:: Recorded information ::
• • • • • • •
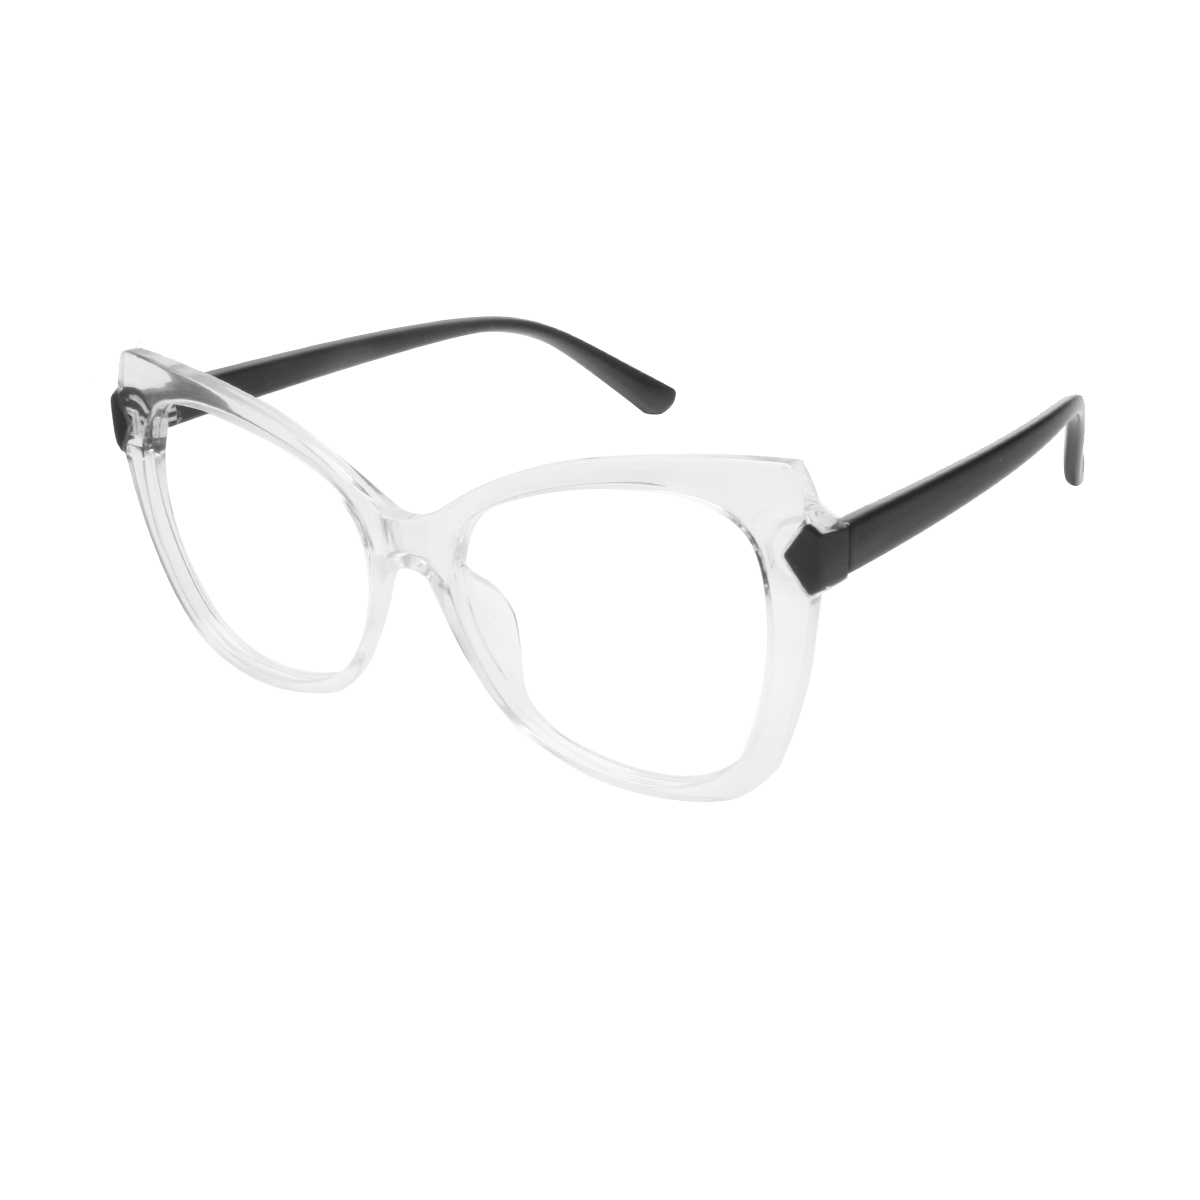 Alazir - Cat-eye Transparent Reading Glasses for Women
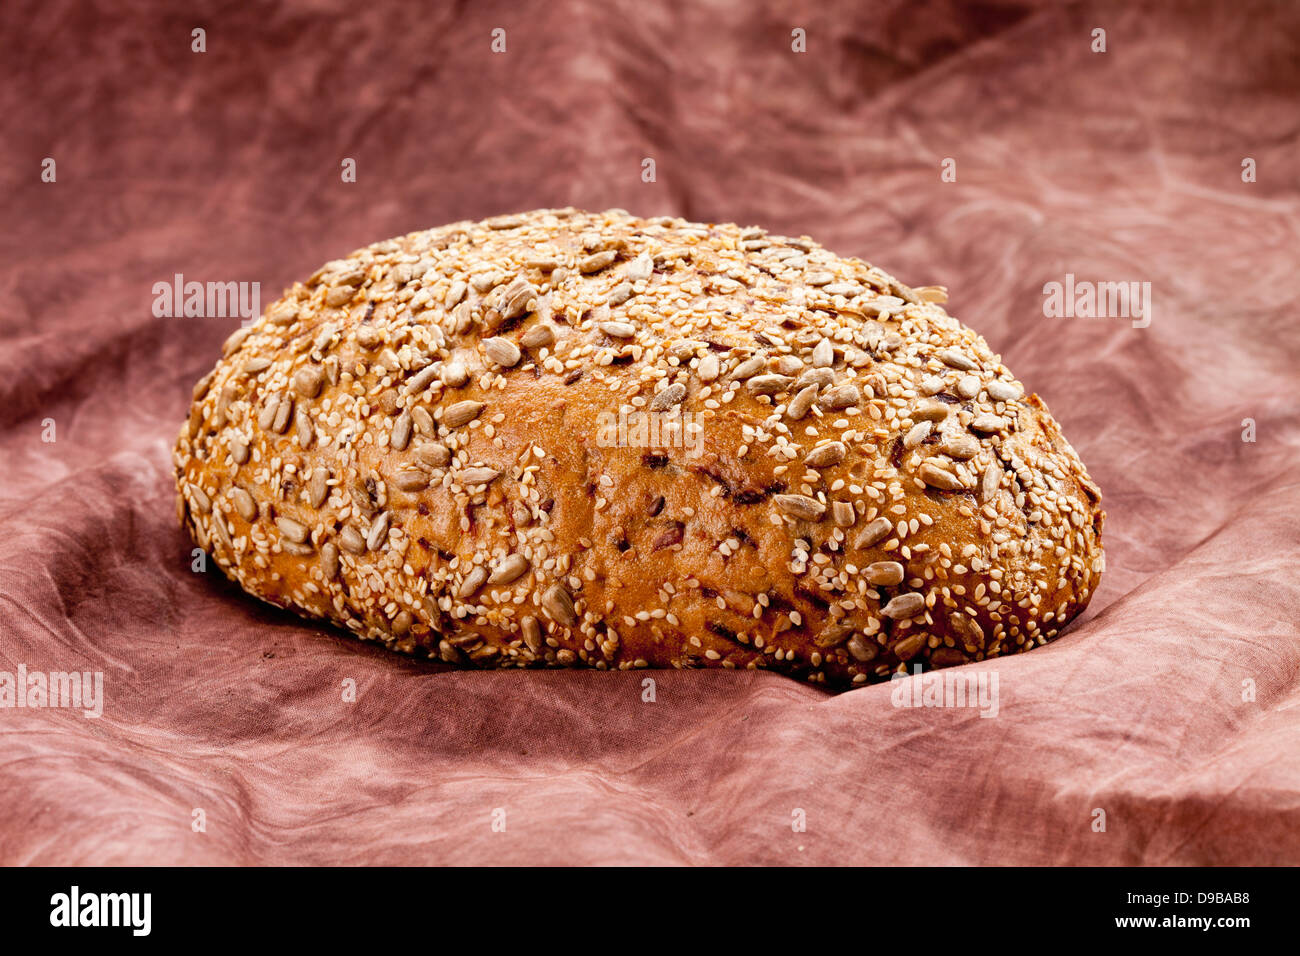 Le pain de grains entiers avec des carottes, Close up Banque D'Images
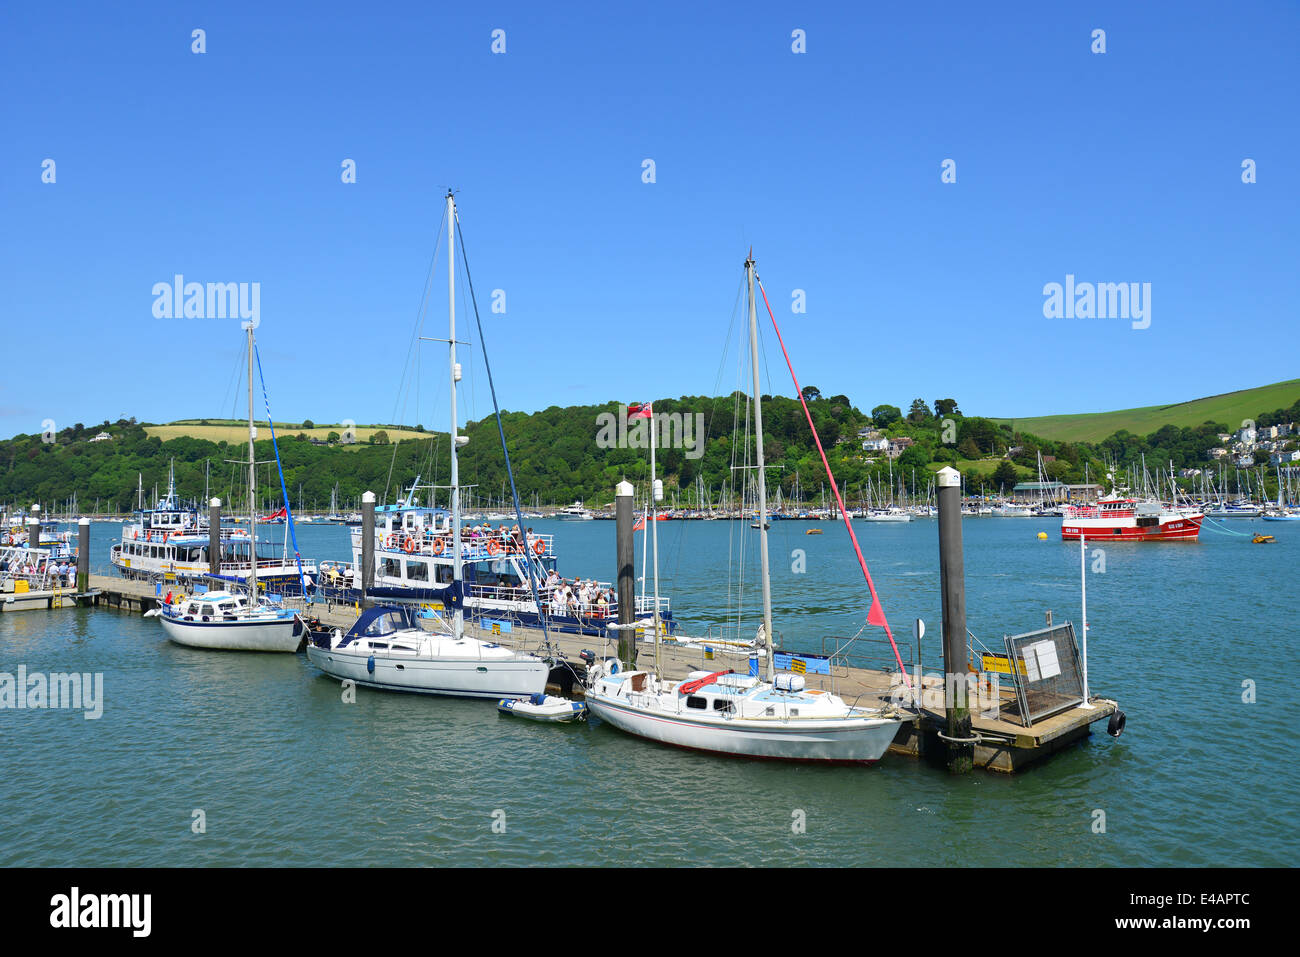 Bateau de croisière, le port de Dartmouth, Dartmouth, District de South Hams, Devon, Angleterre, Royaume-Uni Banque D'Images
• • • • • • •
:: What this task involves ::
Give back the material above word for word; no picture belongs in it.

:: Result ::
 Alazir - Cat-eye Transparent Reading Glasses for Women
 Le pain de grains entiers avec des carottes, Close up Banque D'Images
 Bateau de croisière, le port de Dartmouth, Dartmouth, District de South Hams, Devon, Angleterre, Royaume-Uni Banque D'Images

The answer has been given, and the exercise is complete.